The distribution of businesses owned and operated by African Americans is also telling: 32% of all African American-owned businesses are in the health care and social assistance sector, 13% are in technical, professional and scientific areas, and 8.2% are in administration, support and waste management. Of these, 53% of health care and social assistance businesses are female-led, while only 38% of professional, scientific and technical businesses are female-led.

Numbers on the Rise

The good news is that the numbers, while still disproportionately small, are on the rise. Between 2002 and 2017, the number of Black-owned businesses increased by 31.2%, while the African American population increased by just 16.7% over the same period. The raw numbers show there were 94,518 Black-owned companies that had employees in 2002 and 124,000 in 2017.

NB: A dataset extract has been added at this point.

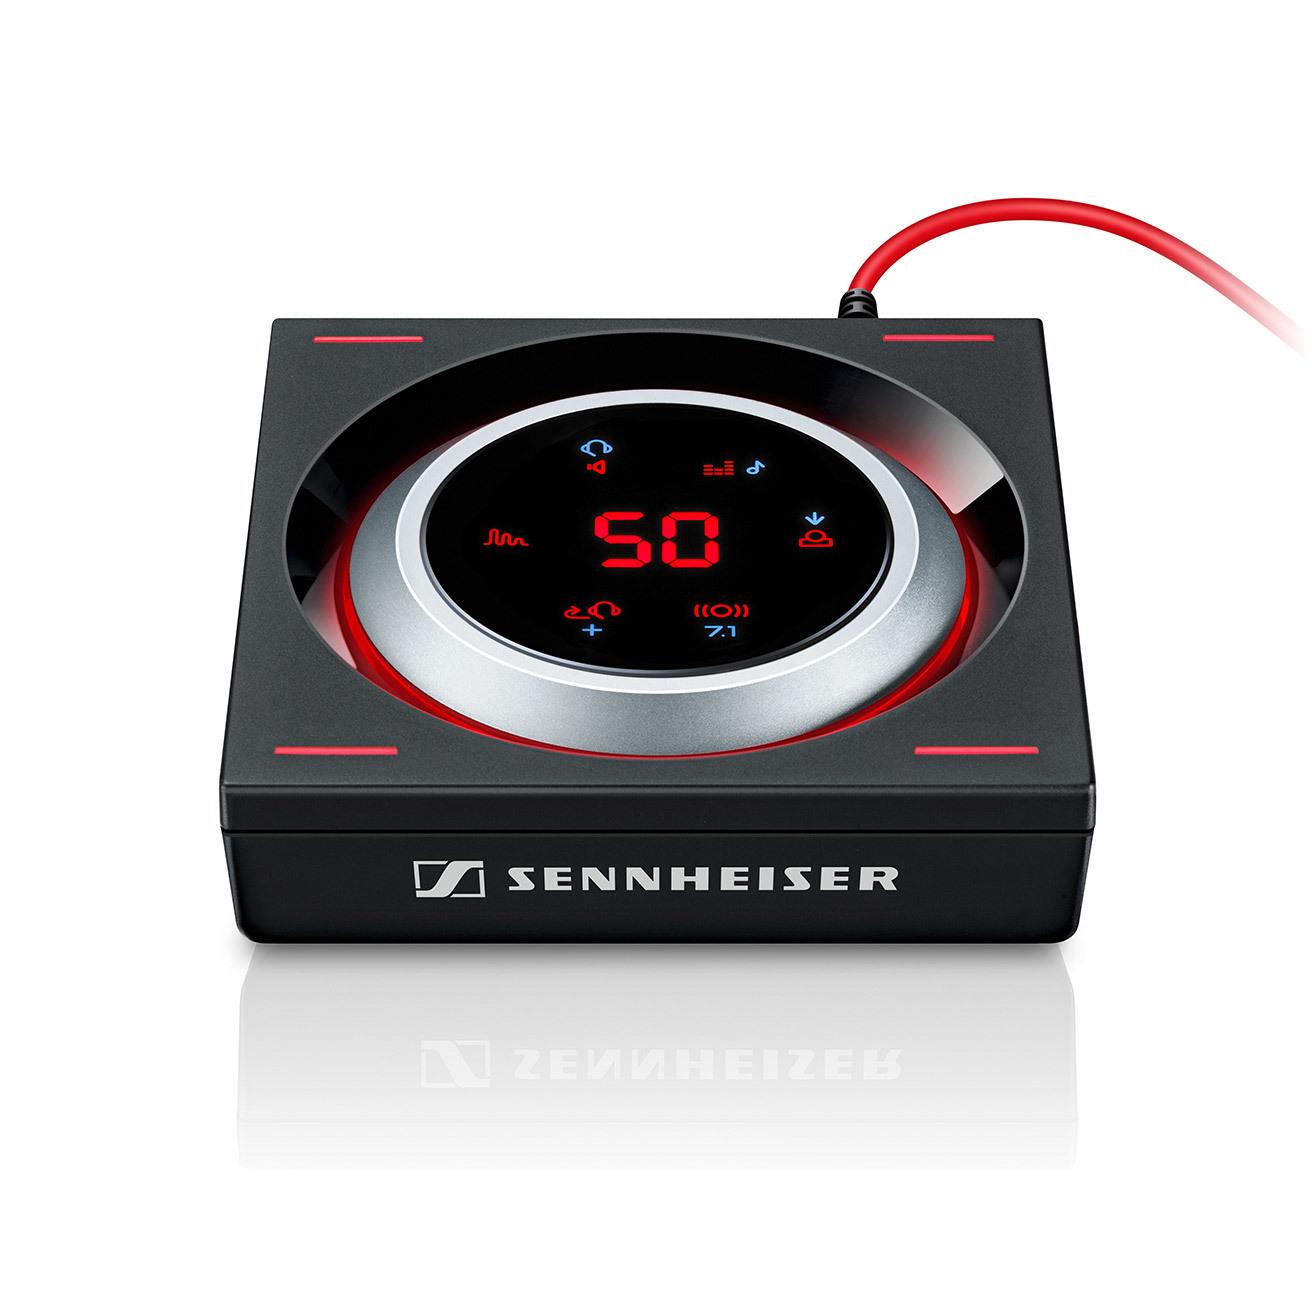 Amplificatori Sennheiser GSX, chi li conosce ? Product_detail_x2_desktop_GSX-1000_01_1312x1312_2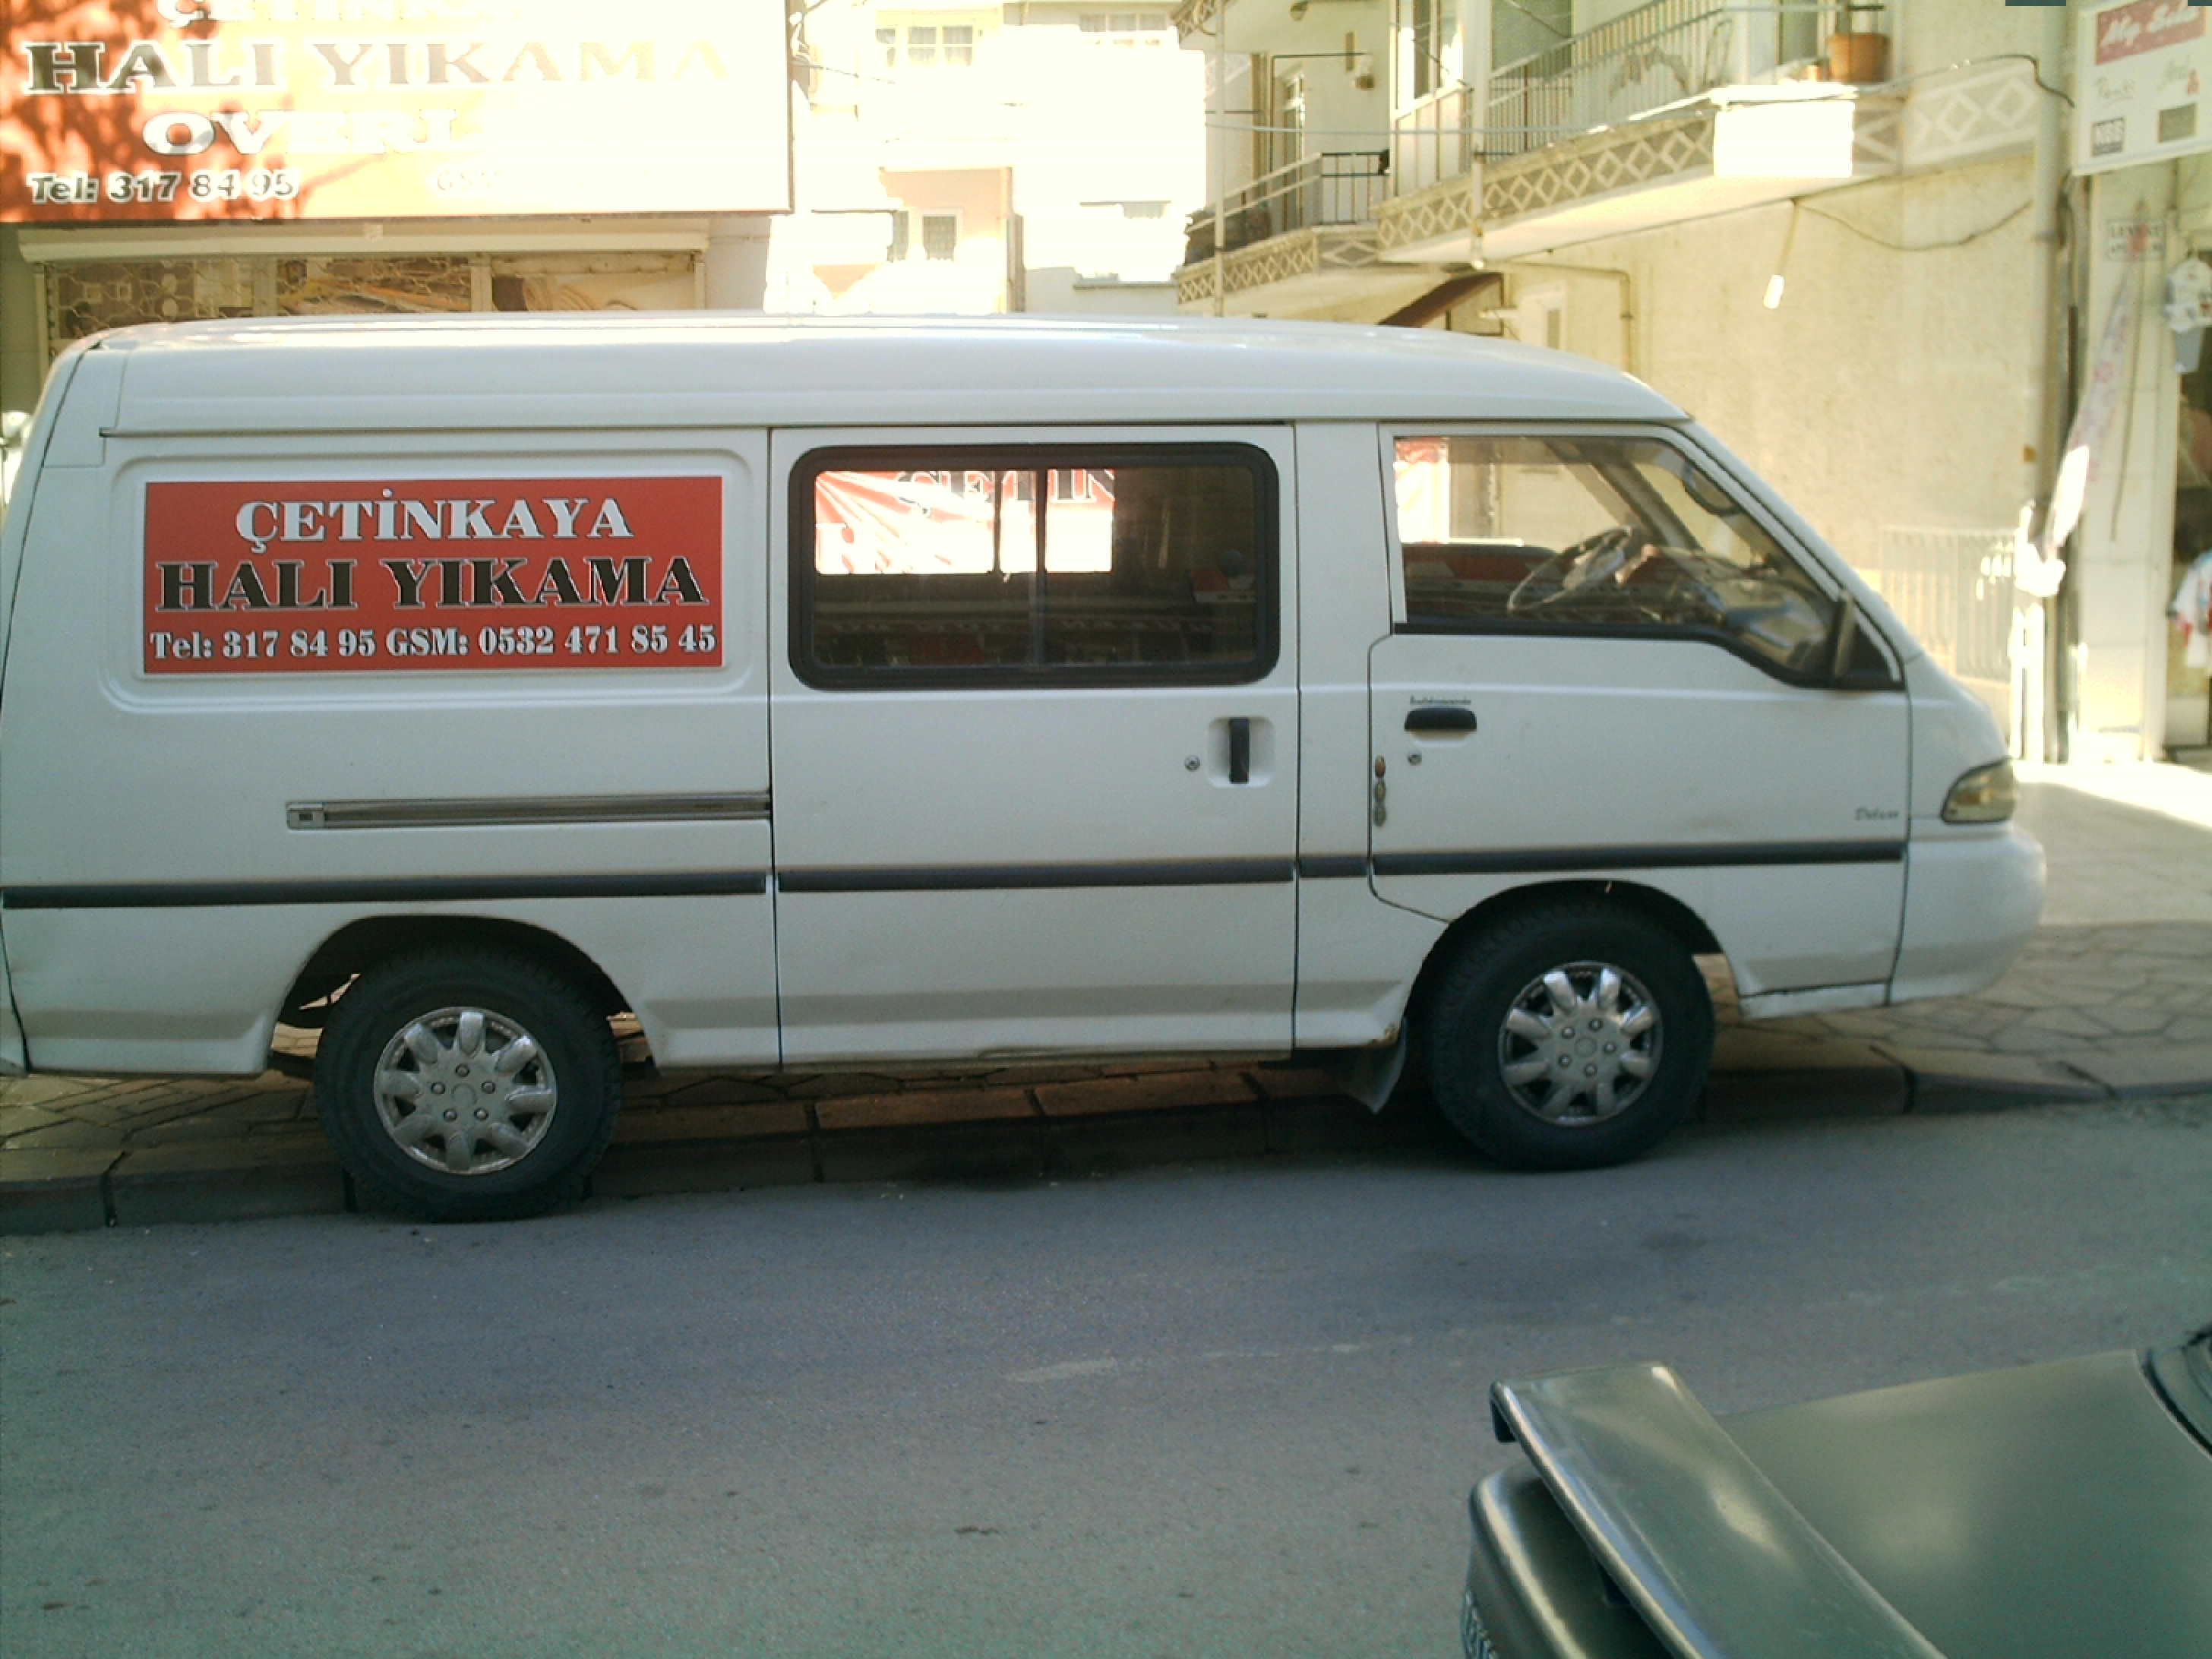 pamuklar_hali_yikama_servis_araci

As a smaller snapshot, in the five years between 2007 and 2012, the number of Black-owned businesses increased by 34.5%. There were 1.8 million companies that were sole proprietorships or otherwise without employees in 2007 and 2.5 million in 2012. (Full numbers for the 2002-2017 period aren’t available for this demographic.)

Finally, self-employed workers (also known as gig economy workers) who don’t work for an actual incorporated company make up 5% of working Black Americans. Overall, the total number of Americans who make up the self-employed sector is around 0.6%.


A Strong Employment Force

Black-owned businesses generate over $150 billion in gross sales across the country. While fewer than 125,000 have employees, those that do have workers employ almost 1 million people across the nation. Among these businesses, 7% have 10 or fewer employees, while 38% have up to 5 employees.

By comparison, 38% of businesses across the nation have up to five employees, and 12% employ up to 10 workers. The numbers also show that 34% of African American business owners founded their companies because they were looking to be their own boss, and 44% started their companies with their own cash. By comparison, 37% of businesses overall were started with the founder’s own cash.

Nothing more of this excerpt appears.